Trek-Segafredo announced the retirement of Yaroslav Popovych, whose final race for the team was Sunday's Paris-Roubaix. The Ukrainian turned professional in 2002 with Landbouwkrediet-Colnago after winning the U23 road race world title. He will move into a directeur sportif role with the team.
"It will be quite the adaptation for me," Popovych said. "From the bike to the director's car. I love driving cars, but that's not the same as driving for 5 hours at 40kmh! It may be challenging to work with the athletes I rode with until yesterday, but I'm ready for it.
"It's a beautiful opportunity. It's something that's been on my mind for some time now, although in a way unexpected as the team only approached me about this last winter and made me this offer to ride until Paris-Roubaix. I have always known I'd stay involved in cycling. And this is perfect: to remain with the same group of people."
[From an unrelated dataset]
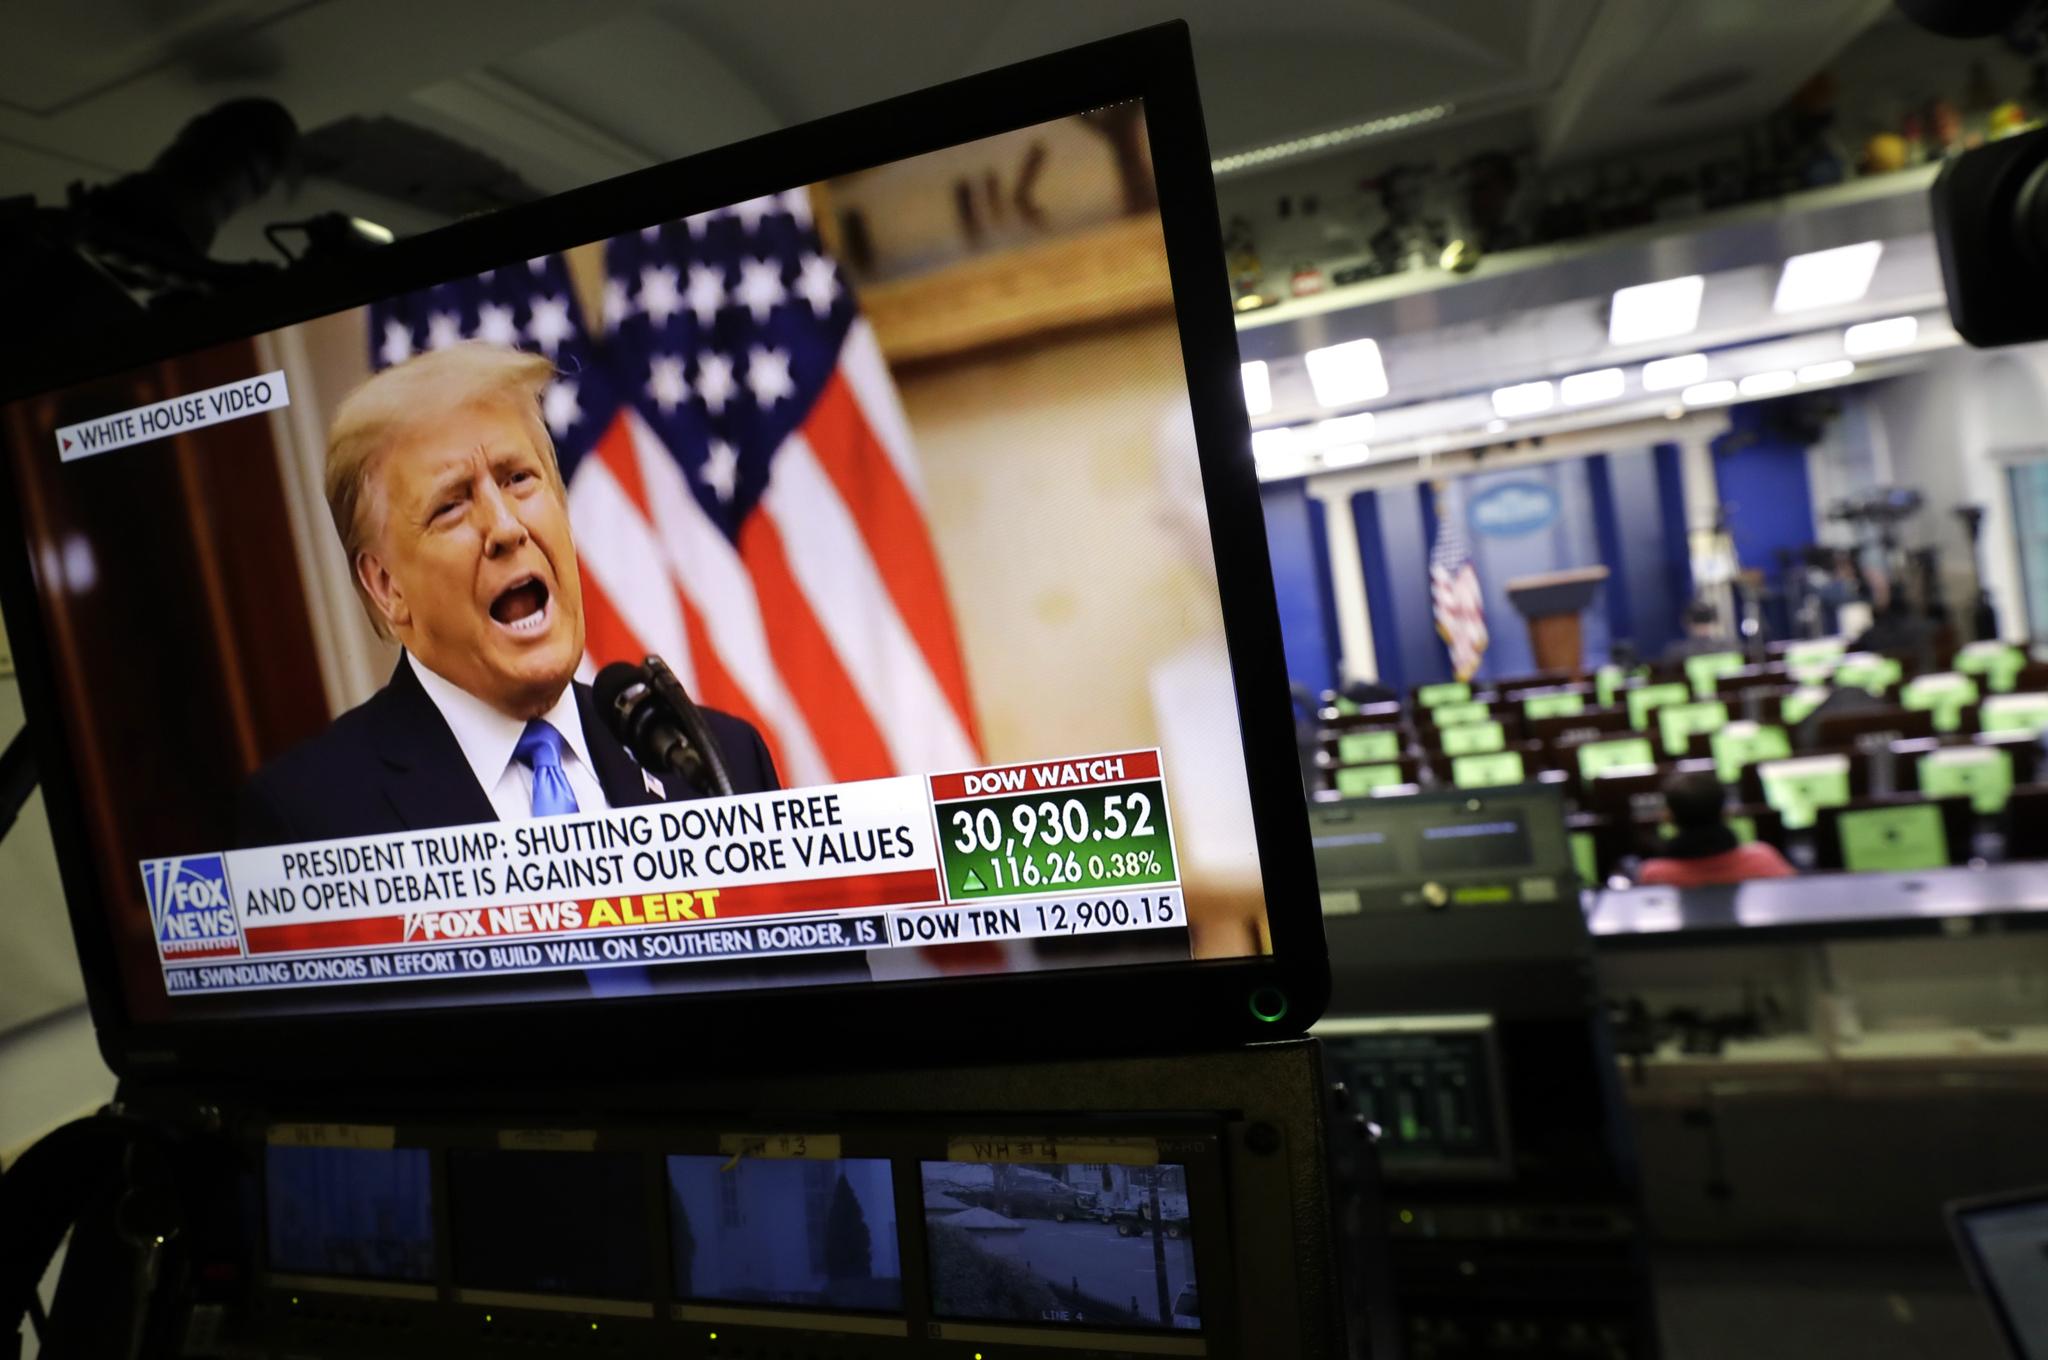 19일 트럼프의 고별 연설 비디오가 백악관 기자실 모니터에서 방송되고 있다. EPA=연합뉴스

Popovych was once viewed as a possible successor to Lance Armstrong when he joined the Discovery Channel team in 2005. The previous year he had won a stage of the Giro d'Italia and kept the race lead for four stages. In 2005, he finished 12th overall in the Tour de France and was the best young rider.
However, the following year he lost over six minutes in the first major mountain stage, dashing his GC hopes. He salvaged his race with a stage win the next day in Carcassonne. The next year he was eighth overall in the Tour de France behind teammate Alberto Contador.
When Discovery Channel folded at the end of 2007, Popovych moved to Silence-Lotto and rode in support of Cadel Evans before moving back to Johan Bruyneel's Astana squad, which then morphed into RadioShack and, after the exit of Bruyneel, Trek-Segafredo.
Popovych was implicated in the US Postal Service/Discovery Channel doping scheme and linked to banned doctor Michele Ferrari through a witness statement by Leonardo Bertagnolli in 2012. Investigators in Italy searched his home in Tuscany and he was ordered to appear before a grand jury in Los Angeles, but he was never sanctioned for any offences. He testified to the grand jury that he never witnessed any doping.
"I am absolutely satisfied with my career," Popovych said in the Trek-Segafredo press release. "This is the right decision. Sometimes in life, you have to make big decisions like this. Becoming a gregario was another one of those. Yes, I won some big races as a young rider, the U23 World title in Lisbon was my highlight, and I am proud of what I have accomplished. Some people will say that I should have won more, but I made my choices. It's my life. I won a lot with the leaders I worked for. I would even argue that the TTT's that we've won over the years are the things I'm most proud about."